Three related changes addressing post-v1.0.15 code-review findings and
the user's observation that we have been "throwing maps around" — under
Yaegi every sync.Map / atomic / mutex dispatch costs ~1-5ms of
interpreter overhead, so the number of dispatches per request matters
as much as whether they are lock-free.
1. Remove cleanupTimers map + cleanupTimerMu sync.Mutex.
scheduleDelayedCleanup previously tracked every pending timer in a
map guarded by a mutex so a duplicate scheduling could cancel the
prior timer. That "shouldn't happen" path was the only consumer of
the map, but the mutex fired on every successful refresh
completion — another per-request Yaegi-dispatched lock.
performCleanup is already idempotent (LoadAndDelete on the sync.Map),
so a duplicate firing is at worst a no-op second call. Dropped the
map entirely; time.AfterFunc callback now calls performCleanup
directly.
Net: -1 sync.Mutex, -1 map field, -2 Lock/Unlock pairs per refresh
completion. Shutdown simplified — no need to enumerate-and-stop
timers since the callbacks no longer need teardown.
2. Reorder applyLeaderGates: cooldown check BEFORE recordRefreshAttempt.
Previously incremented the attempt counter and then checked cooldown.
Under burst load (many concurrent leaders with different token hashes
but the same session) every goroutine could increment past
MaxRefreshAttempts before any one of them observed the threshold,
so the gate fired too late — same thundering-herd shape that drove
v1.0.14 into the ground. Reordering makes the gate authoritative:
only attempts that pass the gate are recorded.
Semantic change: with MaxRefreshAttempts=N, exactly N attempts now
run to completion before the (N+1)th is denied.

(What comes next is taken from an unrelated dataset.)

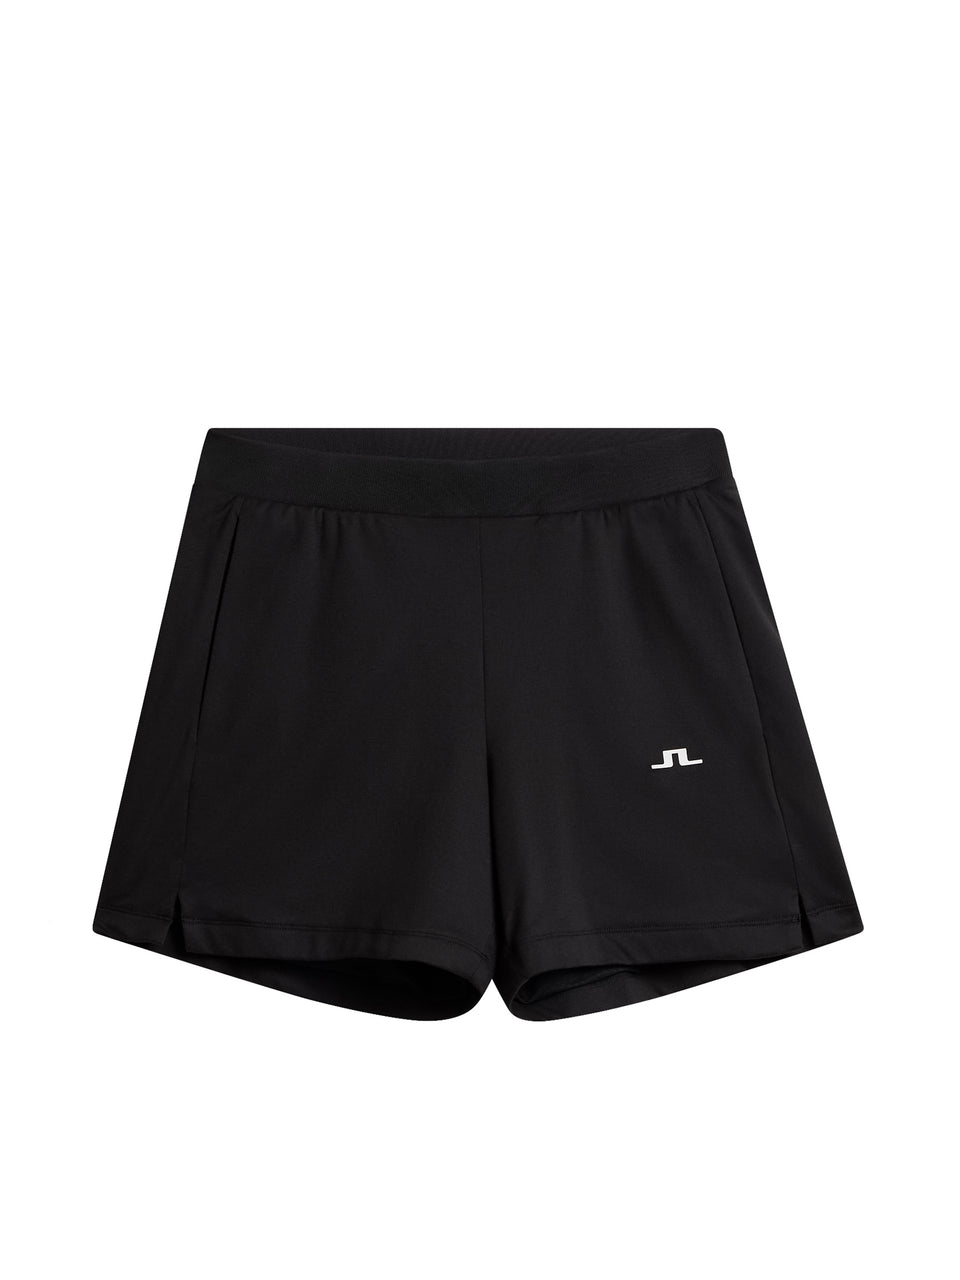 Vice Shorts / Black

Previously the Nth
was denied as it tried to record (off-by-one stricter). Test
assertion updated to N (was N-1).
3. Fix getOrCreateOperation MaxConcurrentRefreshes overshoot.
The previous CAS-loop allowed a transient overshoot of up to N-1
leaders when several goroutines all observed `current < max` in the
same scheduling slice before any one of them succeeded their CAS —
visible to readers as currentInFlightRefreshes > MaxConcurrentRefreshes
for a brief window.
Replaced with the ticket-and-return pattern: increment optimistically,
decrement if we overshot. Strictly bounded: only the goroutine that
produces max+1 sees max+1 as committed; the rest decrement back
immediately. No CAS retry loop needed.
What was NOT done in this commit, and why:
* metadataMu.RLock cached via atomic snapshot — code-reviewer flagged
this at severity 7 (3 RLocks per request: middleware.go:213,
token_manager.go:349, token_manager.go:408). The clean fix is an
atomic.Pointer[*MetadataSnapshot], but generic atomic.Pointer[T] is
NOT exposed by yaegi v0.16.1's stdlib (only legacy unsafe.Pointer
primitives). atomic.Value would work but requires a snapshot-struct
refactor across ~15 call sites (helpers/logout/token_introspection/
token_manager/main/middleware). Deferred to a focused future PR.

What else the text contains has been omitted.